- _EXERCISE BRIEF_:
All of the listing must be given again exactly, except that the images are dropped.

- _COLLECTED MATERIAL_:
◇ ◇ ◇ ◇ ◇

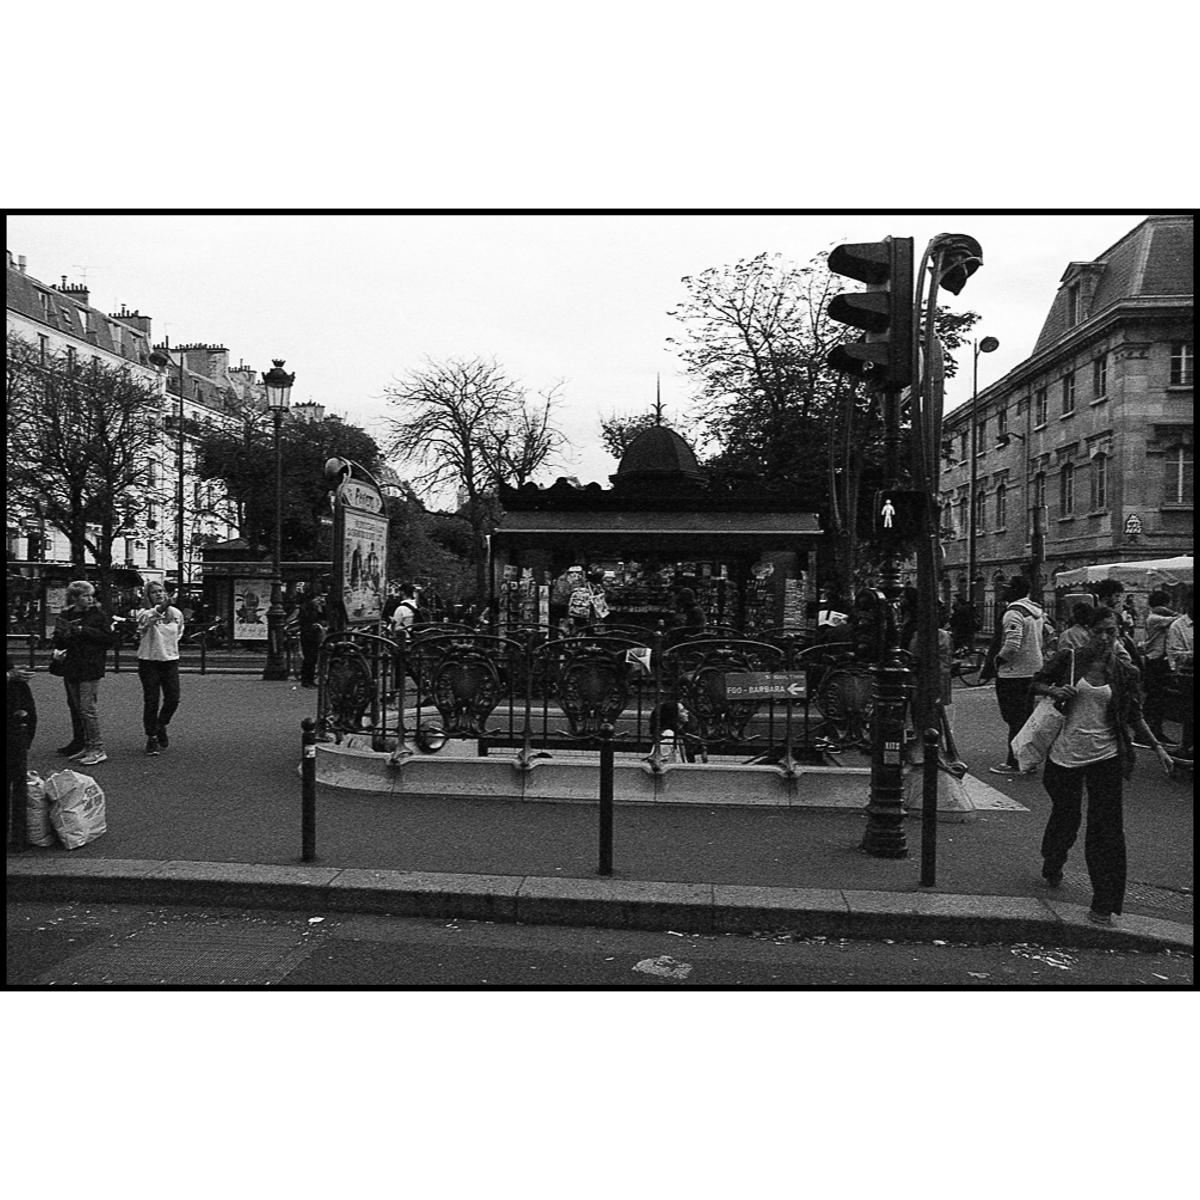 paris file-073.jpg
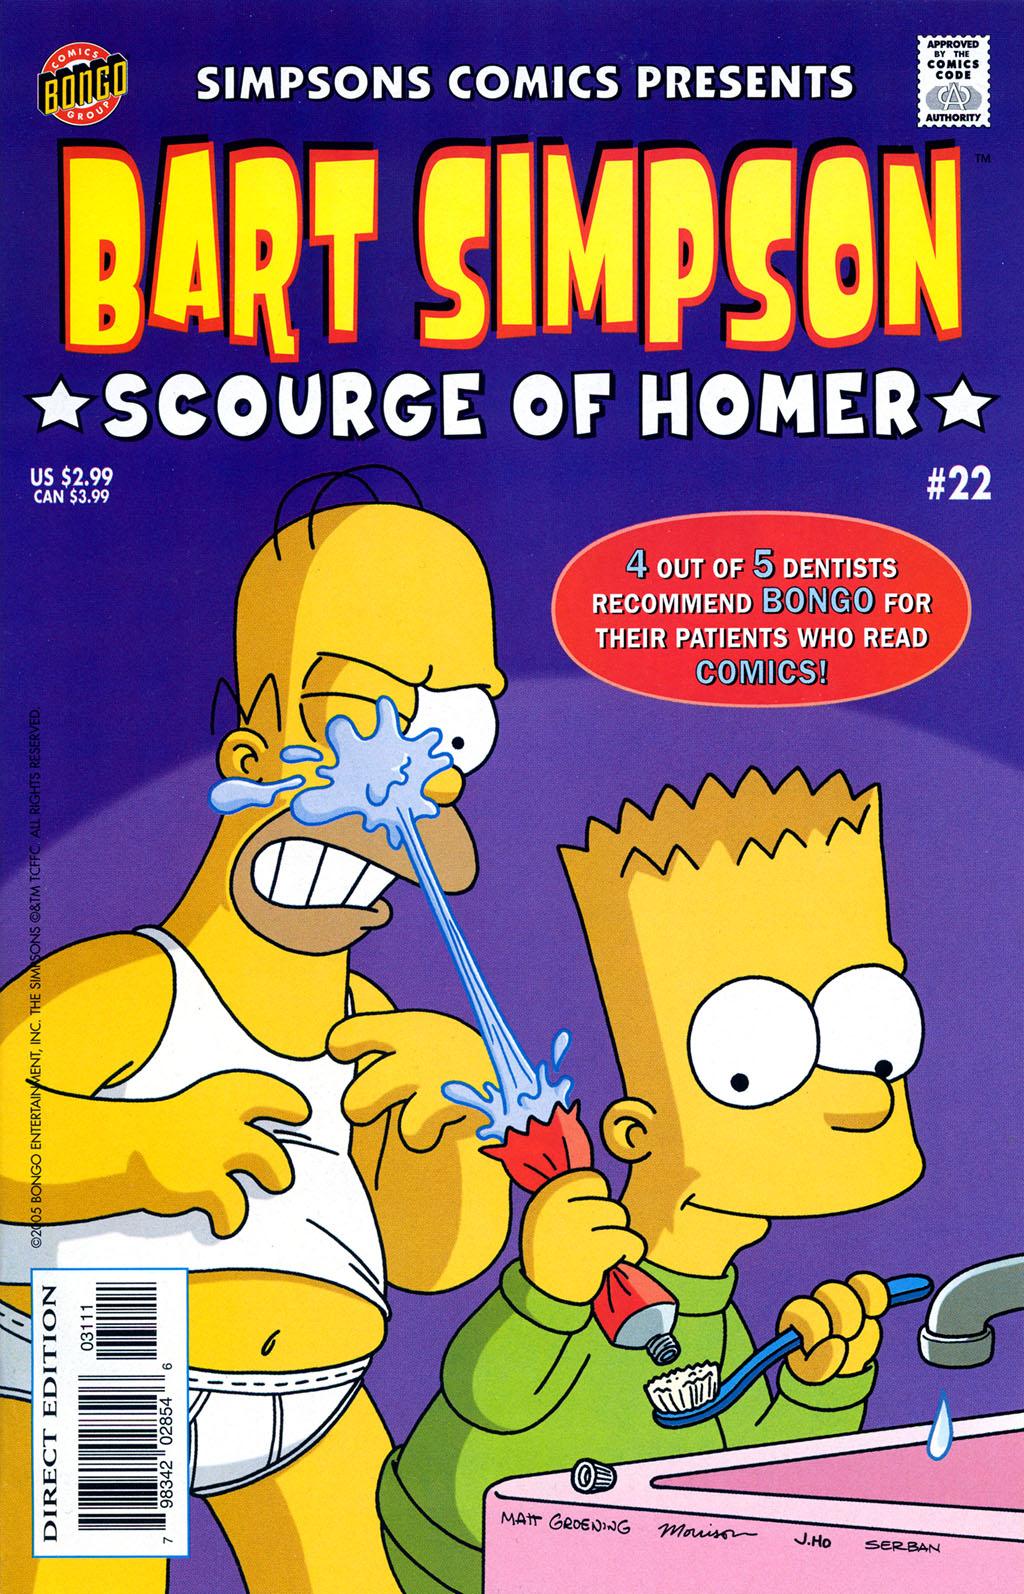 Read online Simpsons Comics Presents Bart Simpson comic -  Issue #22 - 1
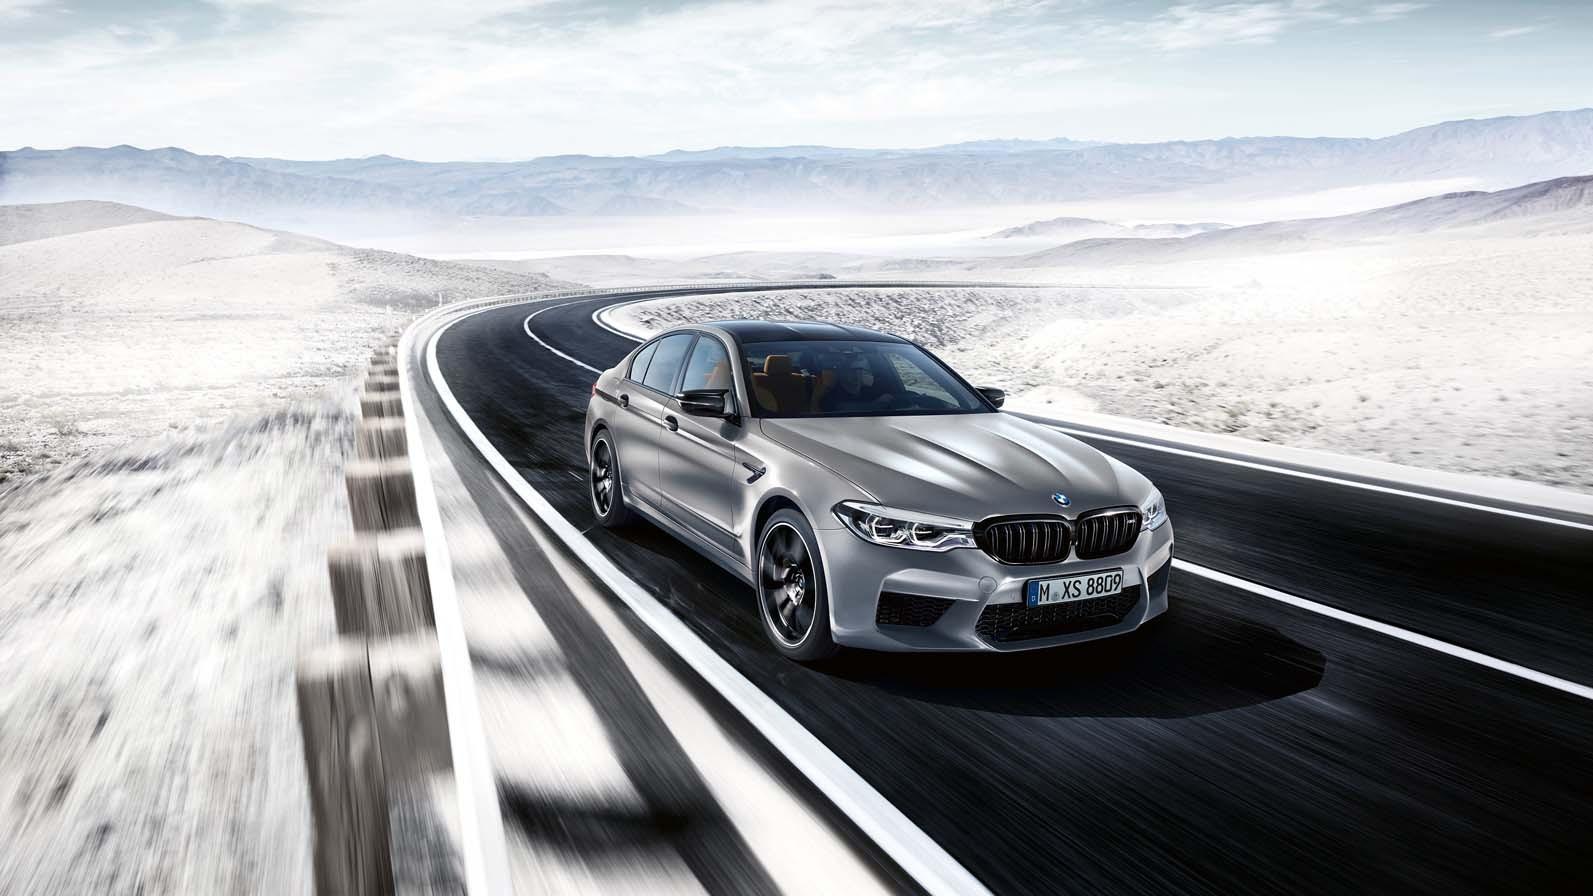 2019 BMW M5 Compettiion

◇ ◇ ◇ ◇ ◇

- _COMPLETED TASK_:
 paris file-073.jpg
 Read online Simpsons Comics Presents Bart Simpson comic -  Issue #22 - 1
 2019 BMW M5 Compettiion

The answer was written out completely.